- _Data provided_
--- START ---

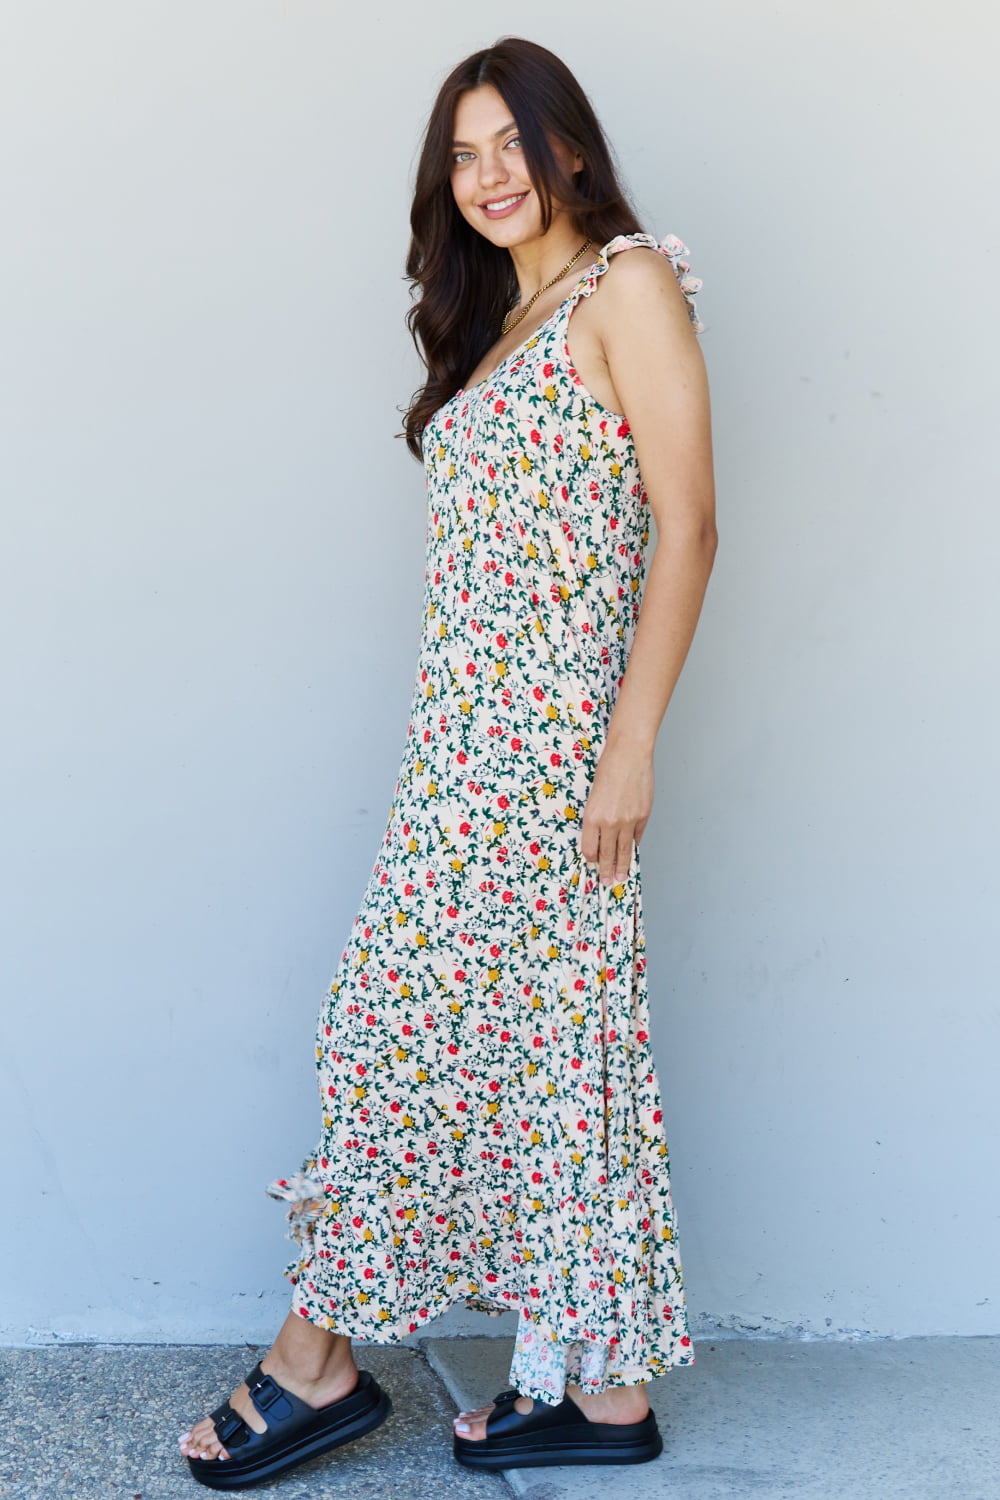 Light Steel Blue Doublju In The Garden Ruffle Floral Maxi Dress in Natural Rose Sentient Beauty Fashions Apparel & Accessories
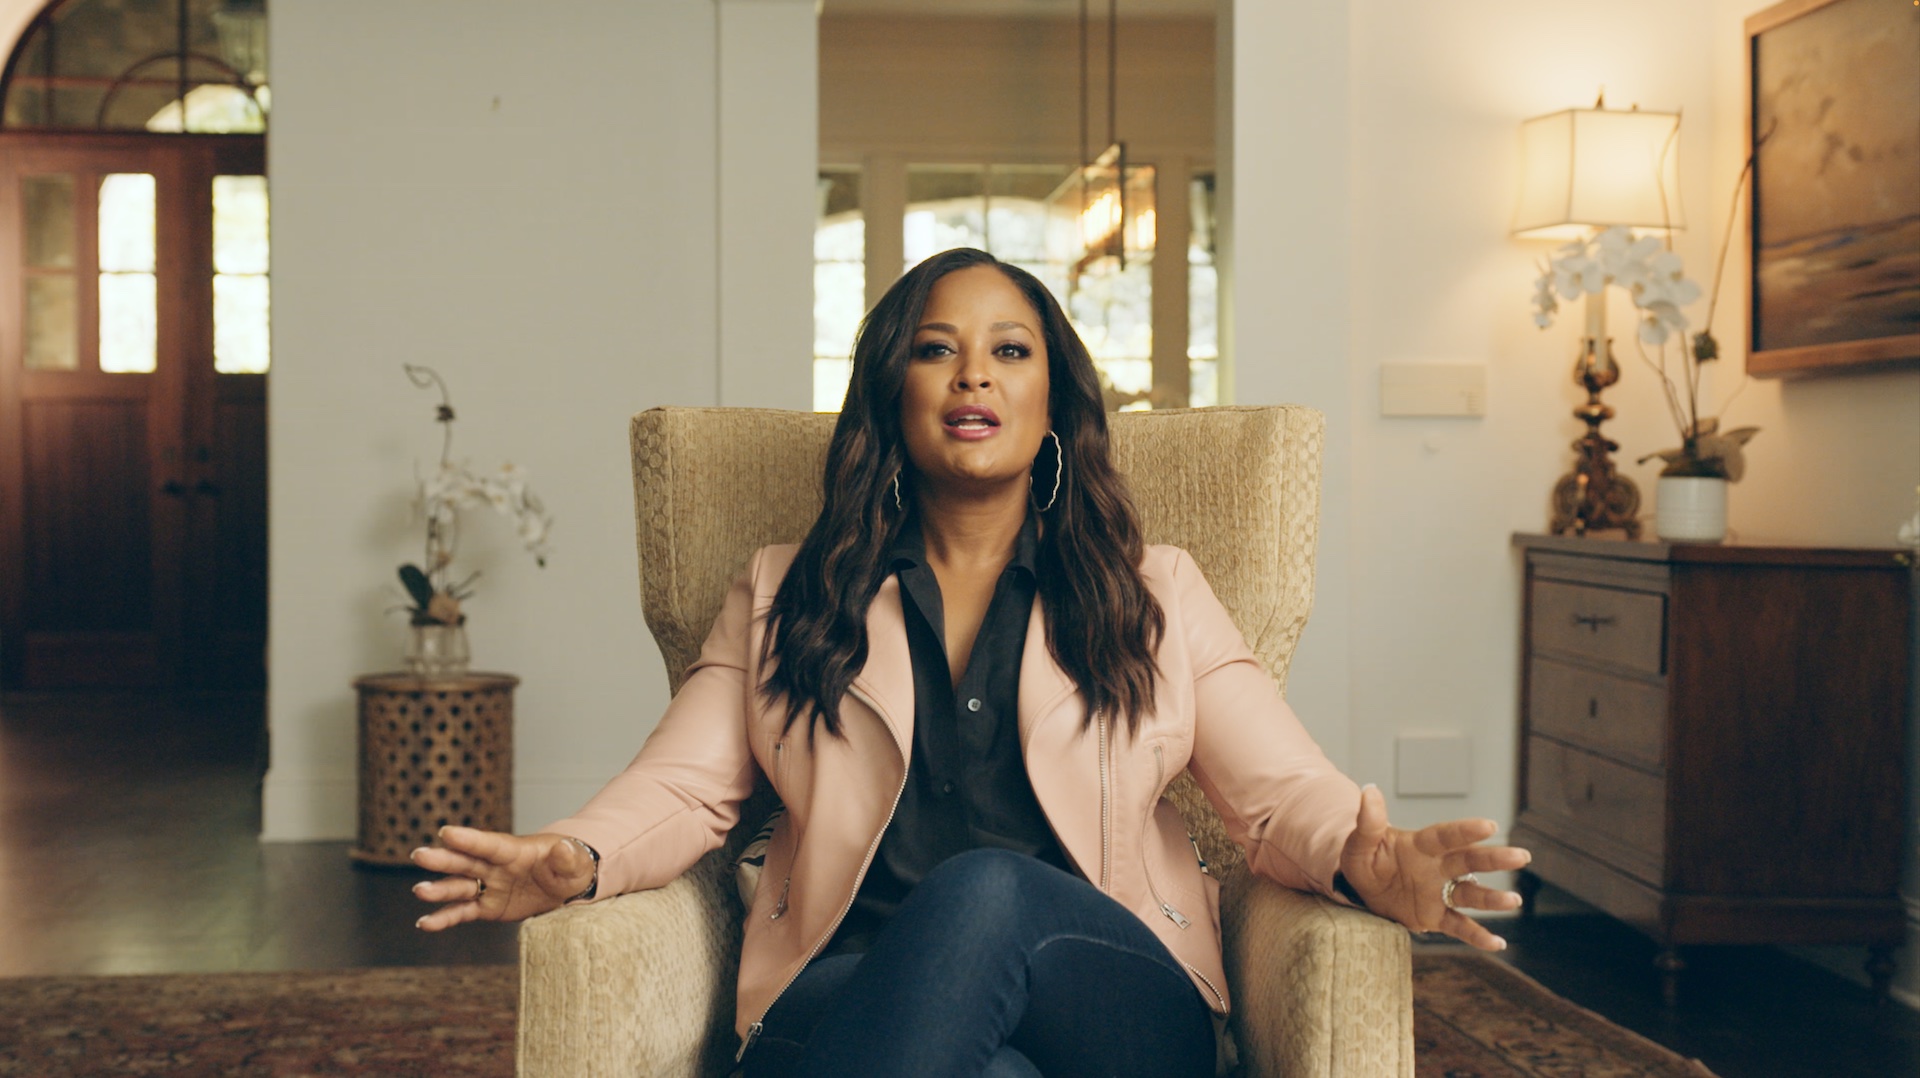 Black Pop Laila Ali headshot with her talking to the camera sitting in a beige chair
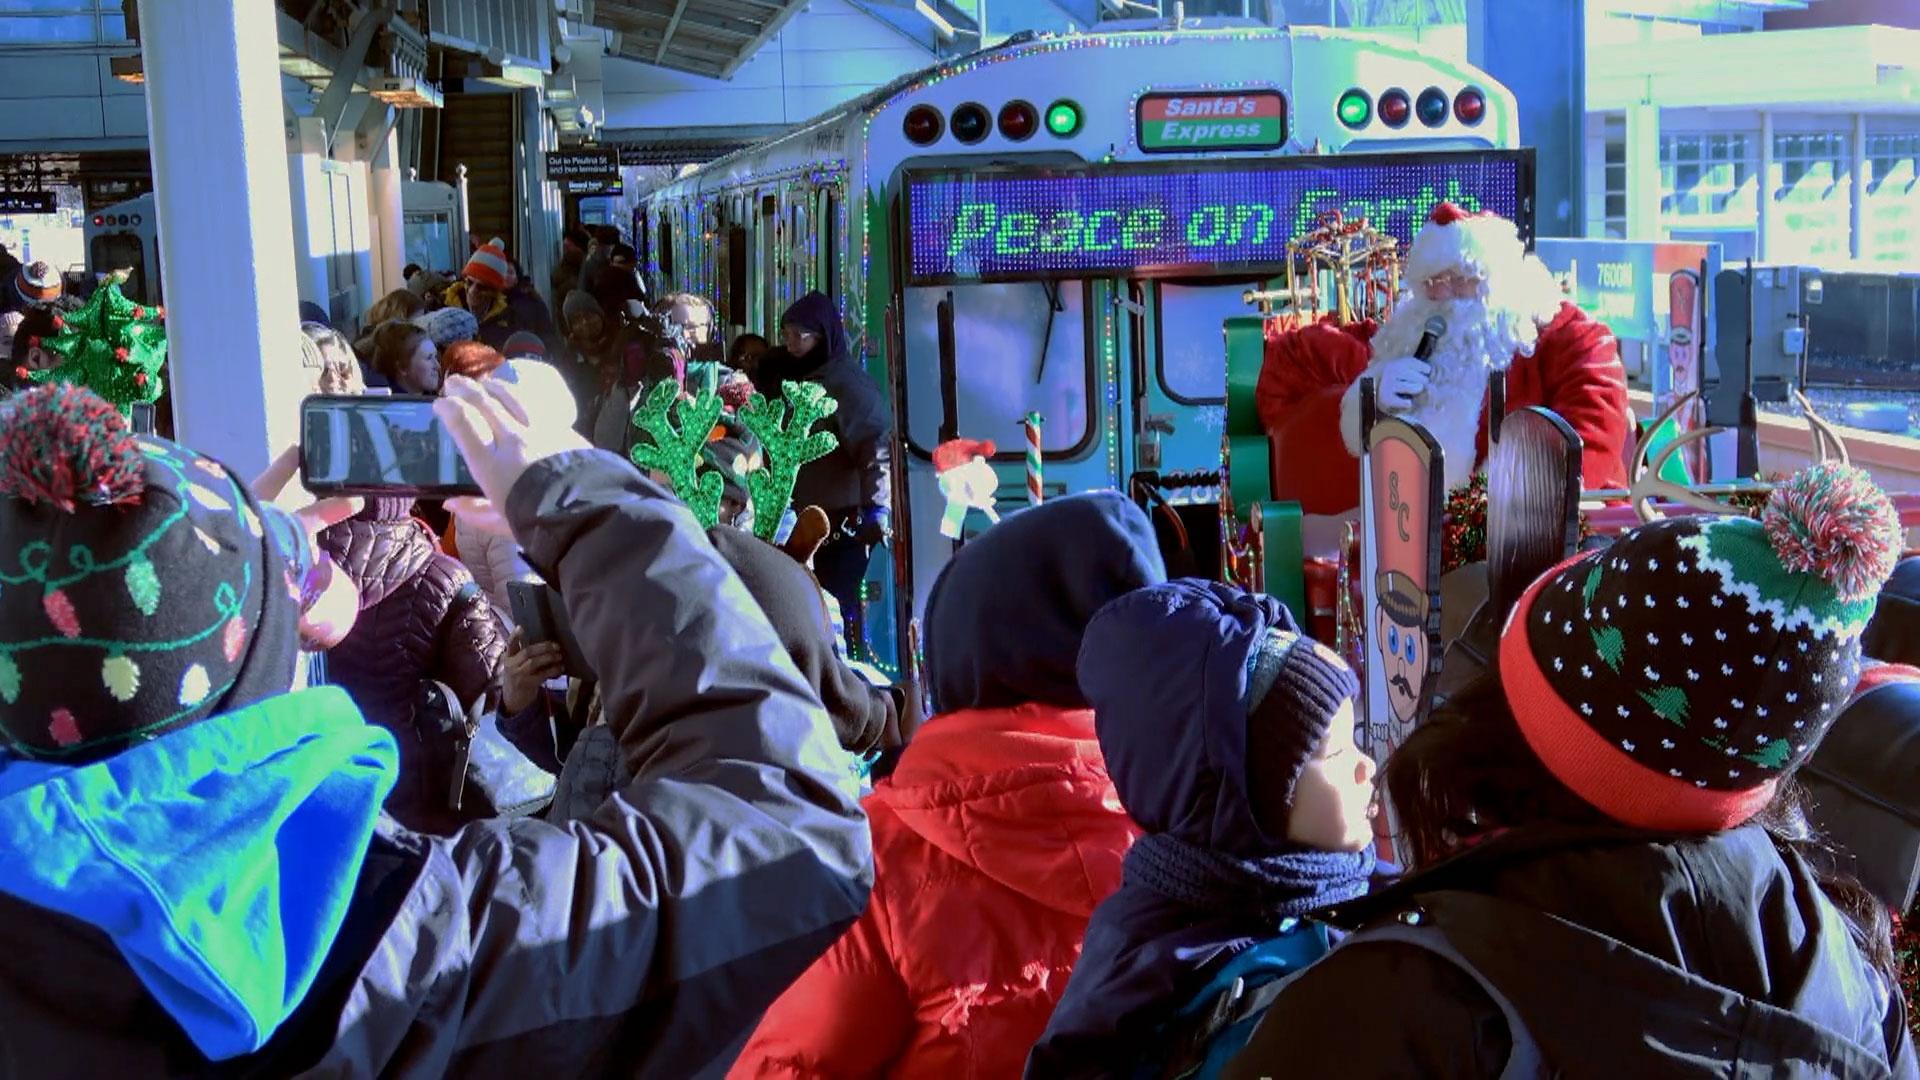 All Aboard Chicago’s Holiday Train

--- END ---

- _The problem_
Take the preceding listing and transcribe it exactly, skipping the pictures.

- _Exercise answer_
 Light Steel Blue Doublju In The Garden Ruffle Floral Maxi Dress in Natural Rose Sentient Beauty Fashions Apparel & Accessories
 Black Pop Laila Ali headshot with her talking to the camera sitting in a beige chair
 All Aboard Chicago’s Holiday Train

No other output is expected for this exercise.